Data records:
● ● ● ● ●

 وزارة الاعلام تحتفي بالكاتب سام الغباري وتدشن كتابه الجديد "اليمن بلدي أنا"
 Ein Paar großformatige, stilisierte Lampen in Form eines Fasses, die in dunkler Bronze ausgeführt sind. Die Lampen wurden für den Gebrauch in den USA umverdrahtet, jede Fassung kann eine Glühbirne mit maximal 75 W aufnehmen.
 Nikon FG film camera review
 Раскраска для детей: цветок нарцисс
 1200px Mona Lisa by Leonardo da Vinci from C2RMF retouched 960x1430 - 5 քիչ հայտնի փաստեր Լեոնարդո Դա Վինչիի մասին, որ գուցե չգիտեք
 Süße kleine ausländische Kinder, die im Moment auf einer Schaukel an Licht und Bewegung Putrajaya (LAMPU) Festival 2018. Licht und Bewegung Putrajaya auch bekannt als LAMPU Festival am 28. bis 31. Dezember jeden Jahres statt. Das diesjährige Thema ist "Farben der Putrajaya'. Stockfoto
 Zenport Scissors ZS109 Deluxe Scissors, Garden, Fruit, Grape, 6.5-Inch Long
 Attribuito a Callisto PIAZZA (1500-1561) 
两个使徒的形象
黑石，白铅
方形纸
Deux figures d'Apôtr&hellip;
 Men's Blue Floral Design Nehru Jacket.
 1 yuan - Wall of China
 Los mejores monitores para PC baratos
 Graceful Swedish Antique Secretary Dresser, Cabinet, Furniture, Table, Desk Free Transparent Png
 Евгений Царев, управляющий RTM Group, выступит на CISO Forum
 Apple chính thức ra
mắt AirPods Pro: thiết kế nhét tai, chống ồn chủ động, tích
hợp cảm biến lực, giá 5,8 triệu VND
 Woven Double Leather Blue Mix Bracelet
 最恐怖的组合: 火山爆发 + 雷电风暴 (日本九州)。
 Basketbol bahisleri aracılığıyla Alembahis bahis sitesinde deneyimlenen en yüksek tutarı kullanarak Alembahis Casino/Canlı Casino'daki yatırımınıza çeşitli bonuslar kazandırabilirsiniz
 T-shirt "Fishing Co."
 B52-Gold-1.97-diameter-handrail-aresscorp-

● ● ● ● ●

WHAT IS BEING ASKED: The answer must be the line containing "Deux figures d'Apôtr&hellip;" and every line after it to the end of the records, repeated exactly.

SOLVED PROBLEM:
Deux figures d'Apôtr&hellip;
 Men's Blue Floral Design Nehru Jacket.
 1 yuan - Wall of China
 Los mejores monitores para PC baratos
 Graceful Swedish Antique Secretary Dresser, Cabinet, Furniture, Table, Desk Free Transparent Png
 Евгений Царев, управляющий RTM Group, выступит на CISO Forum
 Apple chính thức ra
mắt AirPods Pro: thiết kế nhét tai, chống ồn chủ động, tích
hợp cảm biến lực, giá 5,8 triệu VND
 Woven Double Leather Blue Mix Bracelet
 最恐怖的组合: 火山爆发 + 雷电风暴 (日本九州)。
 Basketbol bahisleri aracılığıyla Alembahis bahis sitesinde deneyimlenen en yüksek tutarı kullanarak Alembahis Casino/Canlı Casino'daki yatırımınıza çeşitli bonuslar kazandırabilirsiniz
 T-shirt "Fishing Co."
 B52-Gold-1.97-diameter-handrail-aresscorp-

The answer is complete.